Some approaches take into account the time spent on the clicked document (if the user
spent only two seconds on the document and then clicked on other documents in the list,
probably she did not intend to click that document).
There are many papers proposing techniques for removing the bias, or for taking into account the click positions,
a good survey is [Click Models for Web Search](http://clickmodels.weebly.com/uploads/5/2/2/5/52257029/mc2015-clickmodels.pdf),
by Chuklin, Markov and Rijke.
### Prepare training data from human judgements
Another way to get training data is asking human judges to label them.
Producing human judgements is in general more expensive, but the quality of the
dataset produced can be better than the one produced from interaction data.

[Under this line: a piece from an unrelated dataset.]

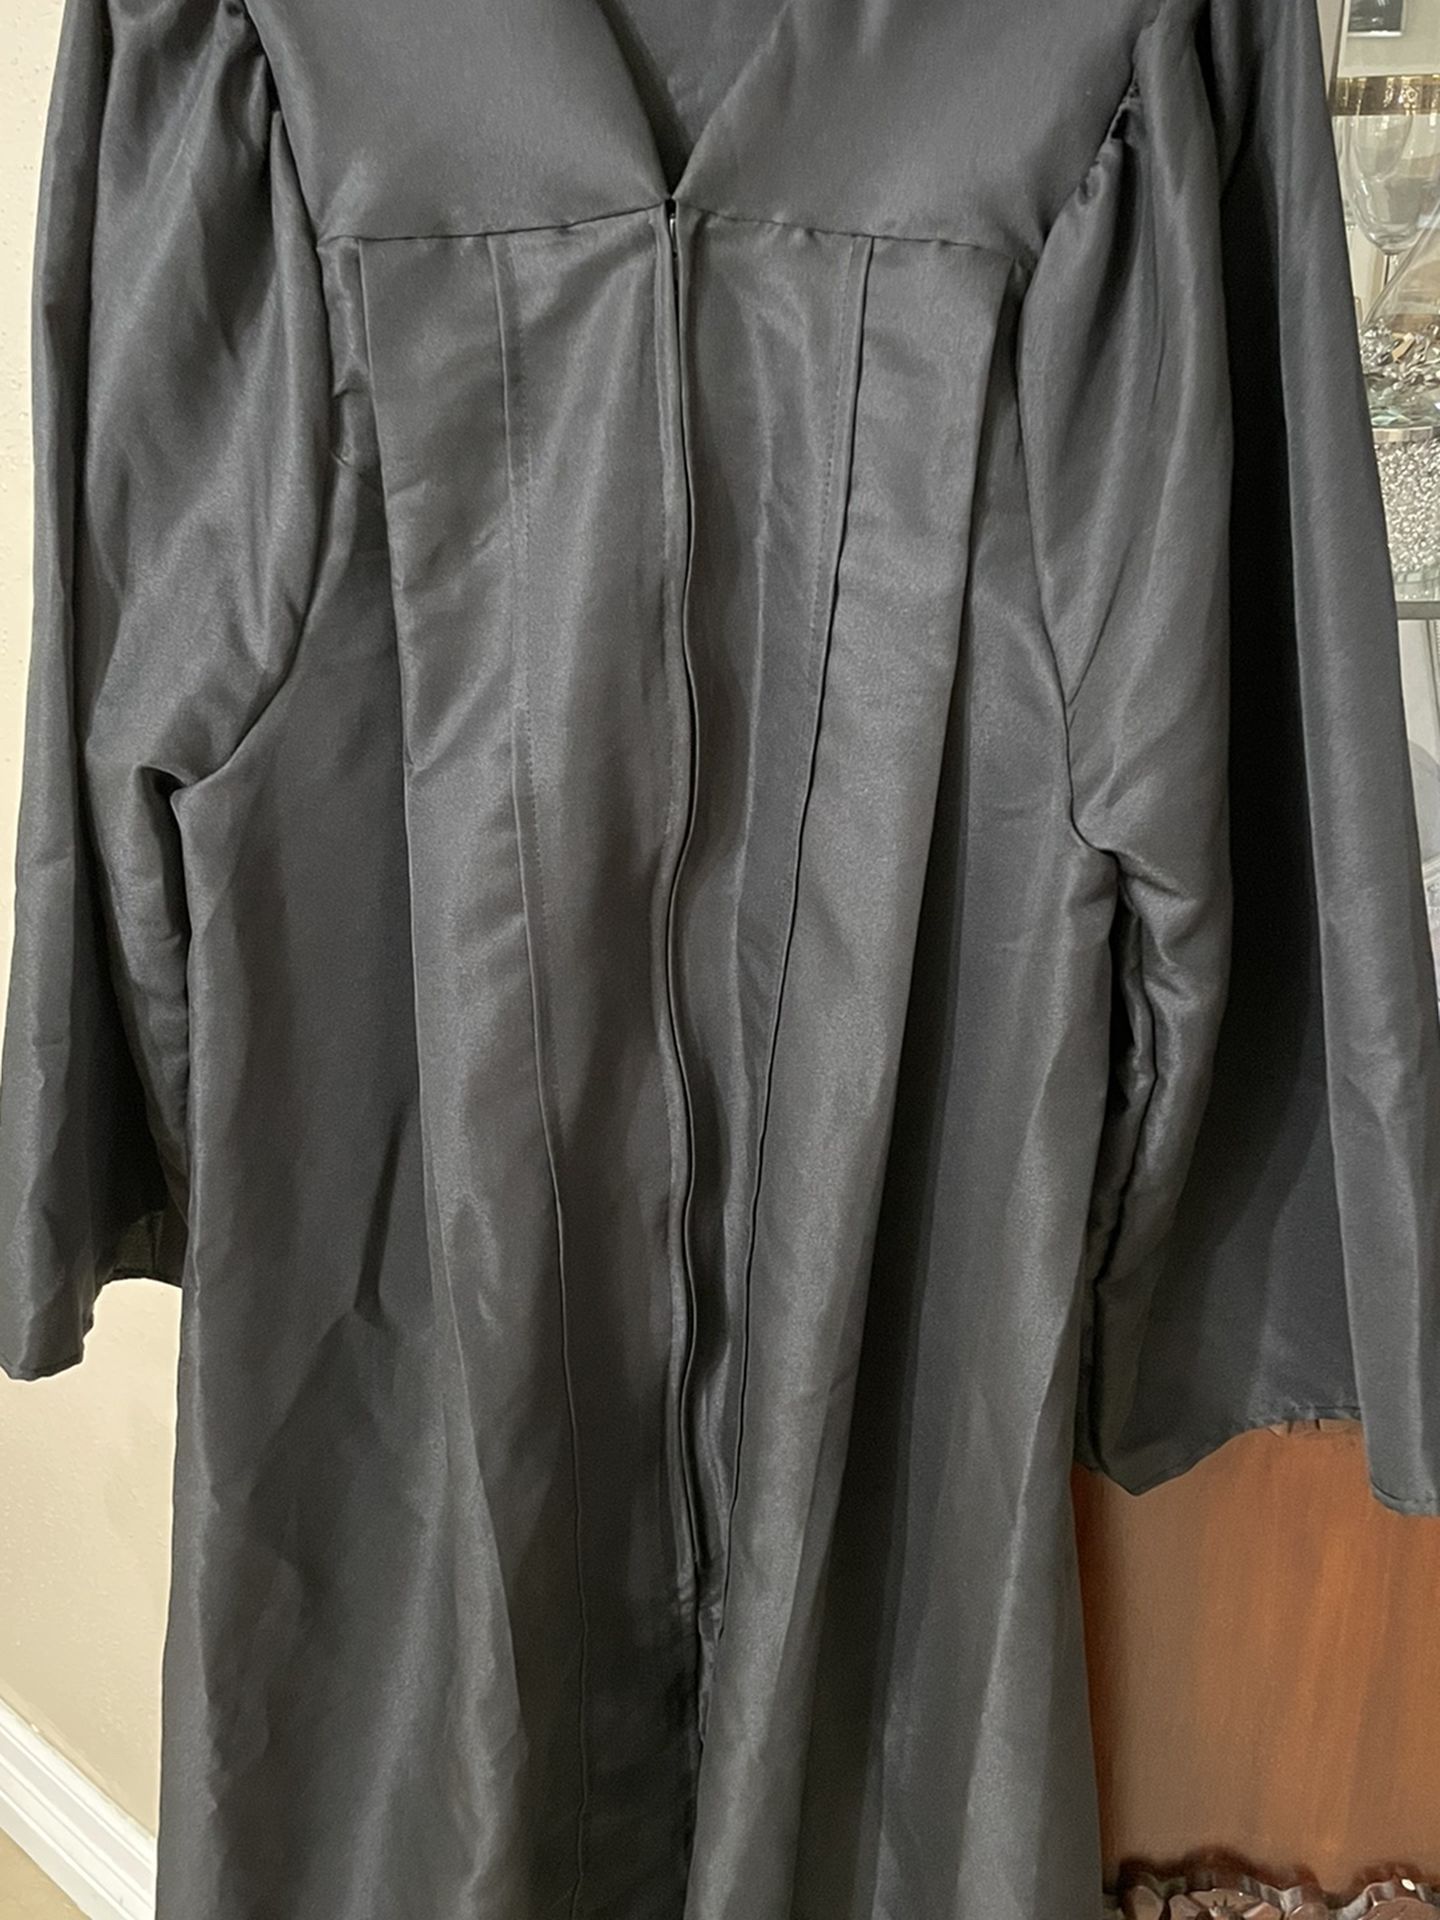 Black Graduation Gown (No Cap)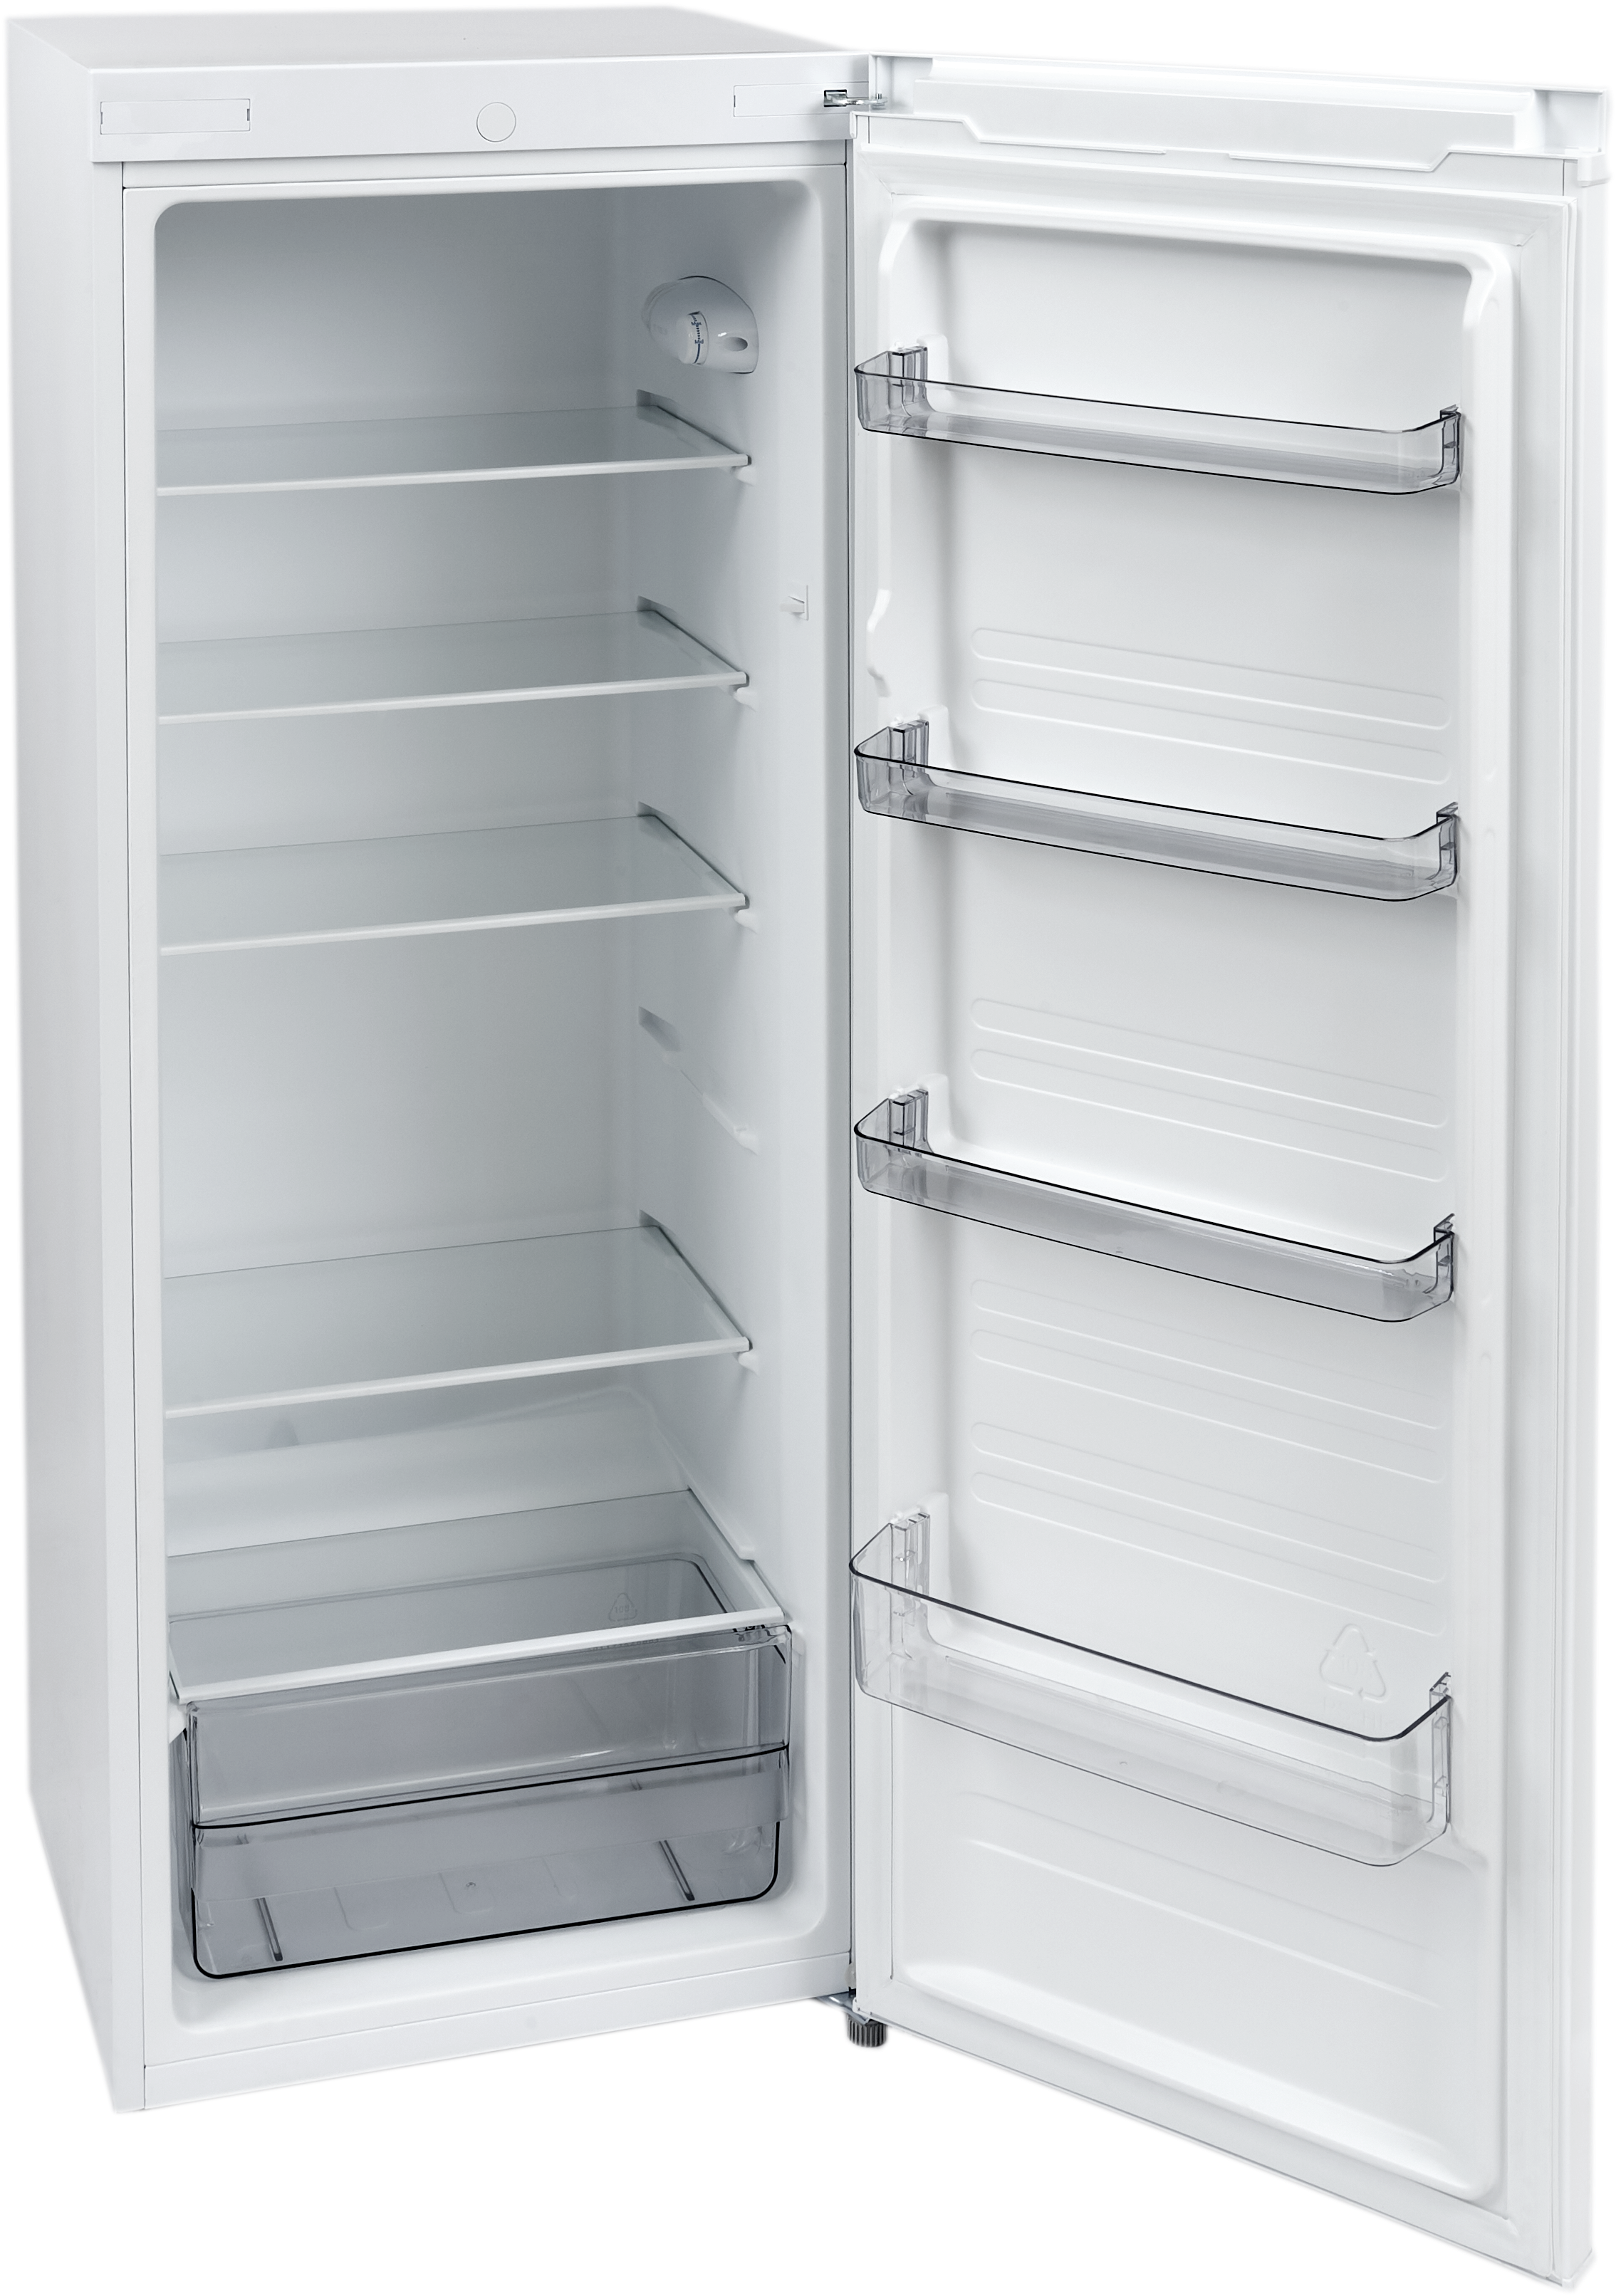 A White Refrigerator With Shelves

It is worth to note that human judgements can be produced also relying on a
crowdsourcing platform, that allows a user to show human workers documents associated with a
query and to get back relevance labels.
Usually a human worker visualizes a query together with a list of results and the task
consists in assigning a relevance label to each document (e.g., Perfect, Excellent, Good, Fair, Not relevant).
Training data can then be obtained by translating the labels into numeric scores
(e.g., Perfect = 4, Excellent = 3, Good = 2, Fair = 1, Not relevant = 0).
At this point you'll need to collect feature vectors for each query document pair. You can use the information
from the Extract features section above to do this. An example script has been included in example/train_and_upload_demo_model.py.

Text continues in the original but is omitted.